Le phénomène de production extralégislative se manifeste d'autant plus dans des domaines qui sont
(précisément) caractéristiques de la société industrielle, c’est-à-dire le droit de l’entreprise et le droit
du travail et syndical. D’ailleurs, rien de nouveau sous le soleil: il y a un demi siècle, on aurait parlé
de la révolte des faits contre les lois, de l’émergence d’un « droit social » contre le droit de l’Etat.
Inutile de rappeler le regain d'intérêt pour l'activité créatrice du juge qui est apparu ces dernières
années, non seulement dans la politique du droit mais aussi au sein des réflexions sur le droit établi.
Cet intérêt s'est manifesté par la reconnaissance de la distinction entre ce que le juge dit ou croit
faire et ce qu’il fait effectivement, ainsi que par l’affirmation d’un investissement nécessaire et
croissant du juge dans l’adaptation du droit au changement social. De surcroit, l’attention a porté
sur la fonction non seulement reconstructive mais aussi normative du travail des juristes qui, selon
l’image perpétuée par l’école du positivisme juridique, n’auraient jamais du lever les yeux au-delà
de l’horizon du jus conditum. Pour autant, dans certains domaines, objets - comme le droit syndical
- d’une vacance prolongée du législateur, les juristes non seulement ont osé regarder en face le jus
conditum, mais ils ont également été les conditores du nouveau jus.

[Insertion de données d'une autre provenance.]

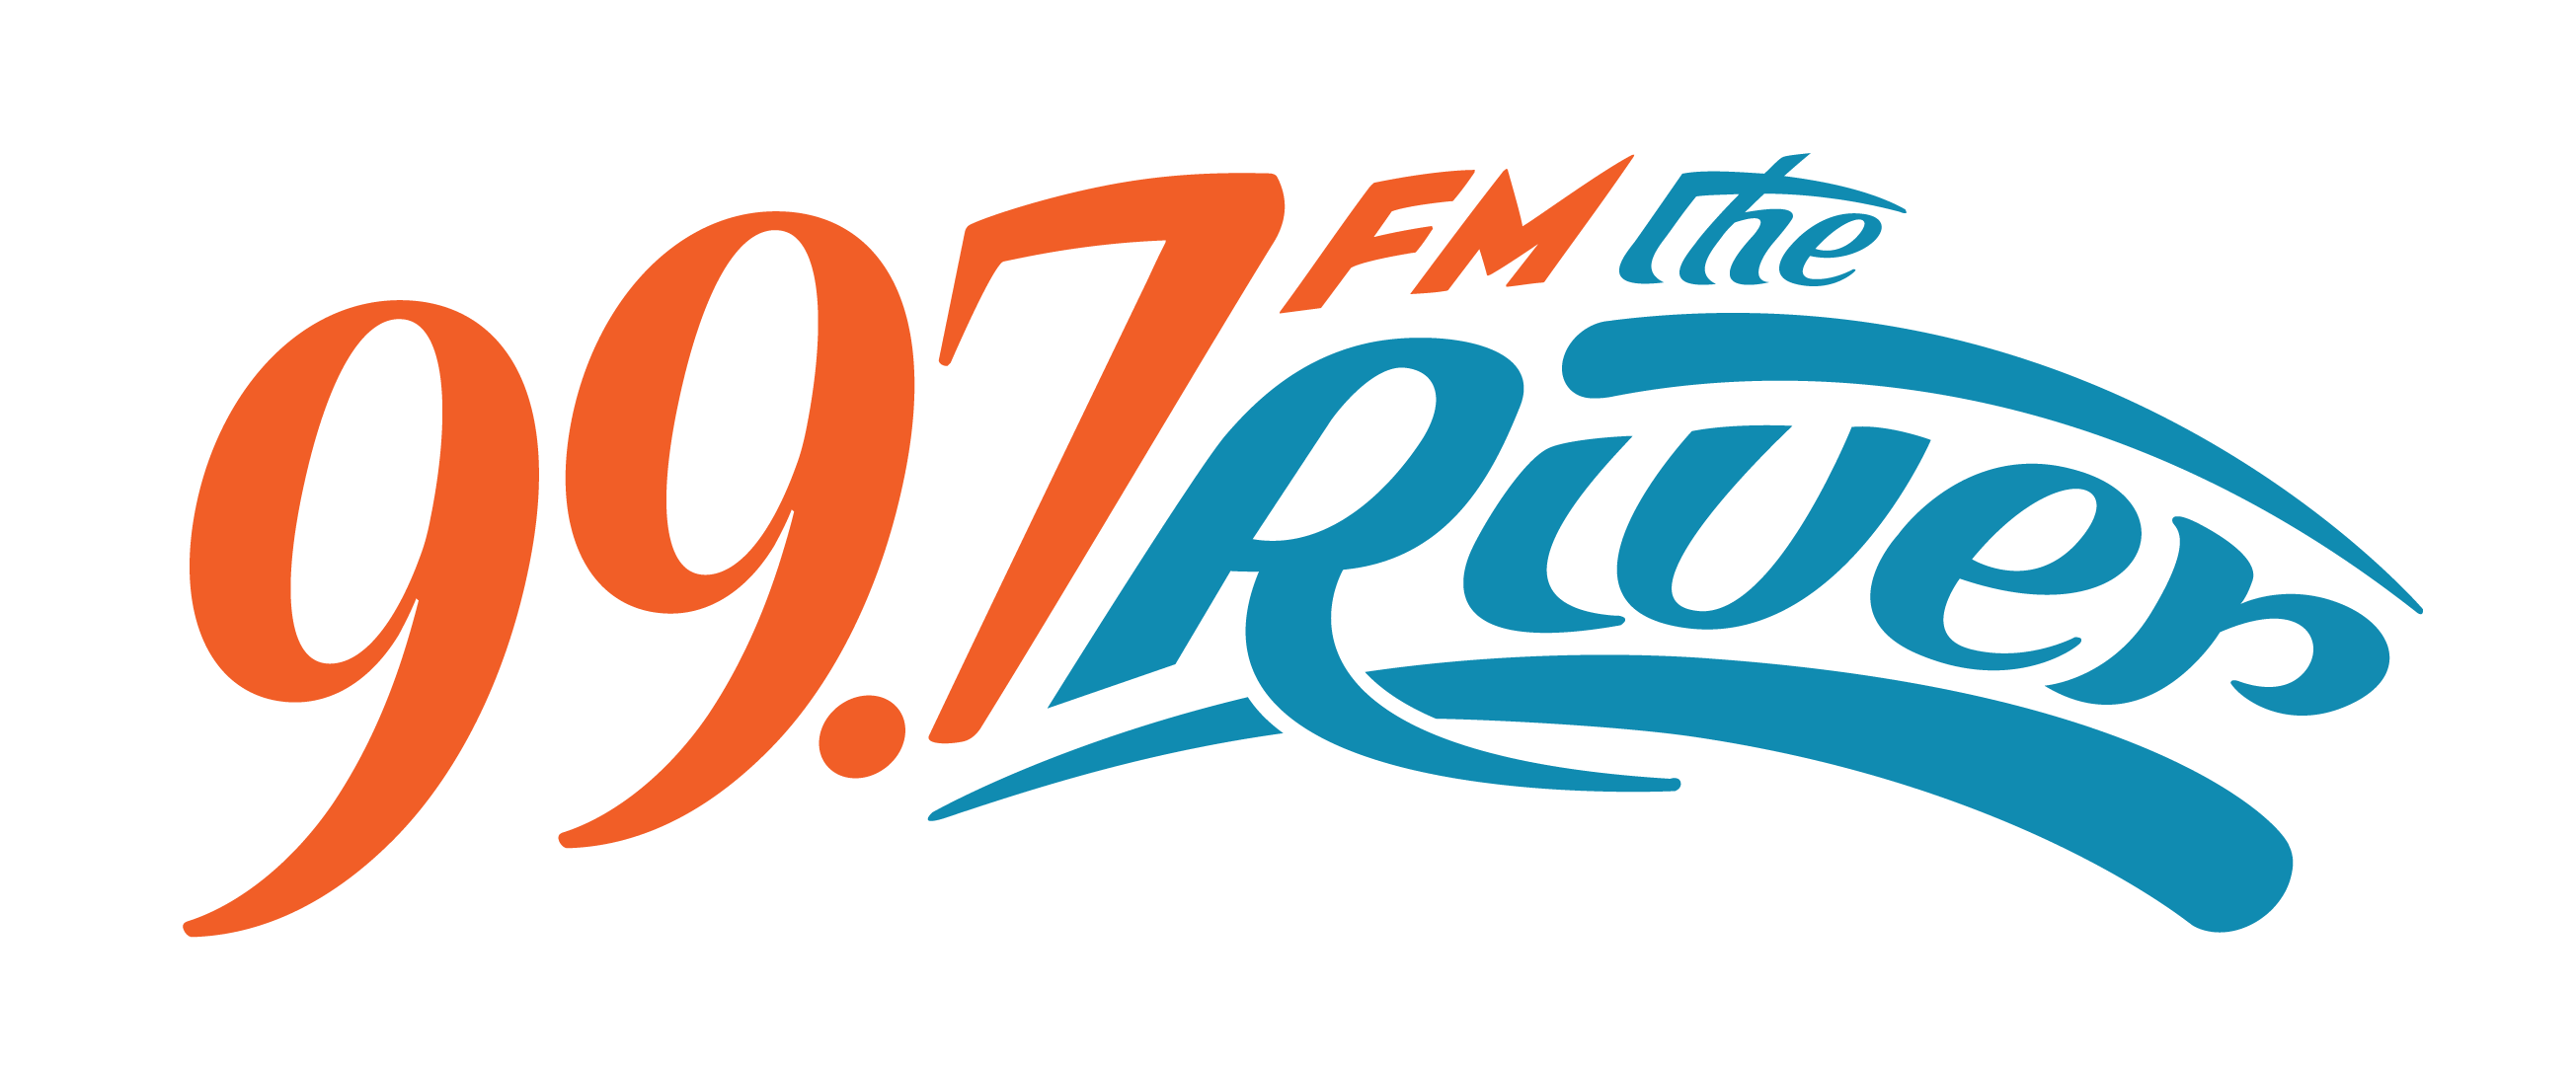 99.7 The River FM

De même, le contrat, au sein de
la hiérarchie des sources du droit, occupe la dernière position dans l'ordre étatique dans la mesure
où il règlemente l’action d’un nombre extrêmement restreint de sujets dans le cadre d'intérêts
particuliers. En revanche, lorsque cette même forme de production normative fondée sur l'accord se
développe, non entre des individus, mais entre de grandes et puissantes associations comme les
syndicats, et que le domaine régulé concerne des intérêts fondamentaux et vitaux tels que les
modes, les temps et les conditions de travail, les choses changent. Dans une société industrielle de
type conflictuel, le contrat collectif devient, pour un nombre considérable de personnes, une source
de règles dont l'importance est beaucoup plus vitale que ne le sont la majeure partie des lois et
petites lois qui émanent des organes législatifs. Enfin, il ne faut pas oublier la coutume, même si ce
que l’on observe aujourd’hui avec une attention toujours grandissante n’est pas tant la coutume dont
parlent les manuels, mais toute forme de production spontanée de règles (c’est-à-dire non posée
autoritairement) que l’usage et le consentement – du moins tacite – des usagers rendent plus
efficaces que ne le sont les lois formelles mortes-nées, ou nées puis mortes, ou mortes de
consomption ou de sénescence, ou bien tombées dans une léthargie annonciatrice de mort. Le juriste
est de plus en plus sensible au phénomène de la « pratique » partout où elle se manifeste - aussi bien
dans le monde de l’entreprise, que dans la sphère syndicale, judiciaire ou administrative - c’est-àdire à tous ces comportements effectifs réitérés qui sont en marge, en adjonction ou en contraste
avec des normes formelles. Ces comportements constituent le tissu conjonctif d’une institution; ils
permettent à ceux qui participent ou jouissent de cette institution d'en prévoir le développement et
donc d’agir en connaissance de cause.
Concernant la seconde alternative également – société stable ou société en transformation – la
réponse ne fait guère de doute. Éventuellement, ce qui s’avère plus difficile à saisir est la tendance
des transformations du droit, c’est-à-dire déterminer les répercussions de la transformation sociale
sur la transformation juridique. Parmi ces tendances, je me limite à n’en indiquer que trois qui me
paraissent particulièrement révélatrices et et qui ont déjà été ces derniers temps l’objet de débats. La
première de ces tendances a été maintes fois soulignée par l’économiste F. A. Hayek lorsqu’il a eu
recours à la distinction entre normes de conduite et normes d’organisation pour caractériser le
passage de l’état libéral classique à à l’état d’assistance. Selon lui, ce passage, du point de vue
structurel, consiste en une augmentation progressive des normes d’organisation par rapport aux
normes de conduite 4. Cette thèse peut ne paraitre qu’une reformulation de la thèse bien connue de
la progressive publicisation du droit. Bien qu’Hayek tende lui-même à les confondre, ces thèses
sont, me semble-t-il, différentes et la première est plus juste. Le phénomène de publicisation du
droit fait référence à l’augmentation continue des fonctions de l’État par rapport à l'État agnostique
ou neutre du siècle dernier. Le phénomène d’augmentation des normes d’organisation renvoie à la
formation des grandes organisations à la fois dans le cadre de l‘État et de la société civile: il fait
donc référence aux grandes concentrations de pouvoir dans la société moderne, dont l'État – dans un
sens spécifique et restreint du terme – n’est qu’une manifestation parmi d‘autres. La différence
entre norme de conduite et norme d’organisation n’indique pas tant une différence entre deux types
d'États qu’une différence entre deux différentes fonctions du droit : d’un côté rendre possible la
4
Sur ce sujet je renvoie à l'article De l’utilisation des grandes dichotomies dans la théorie du droit, p....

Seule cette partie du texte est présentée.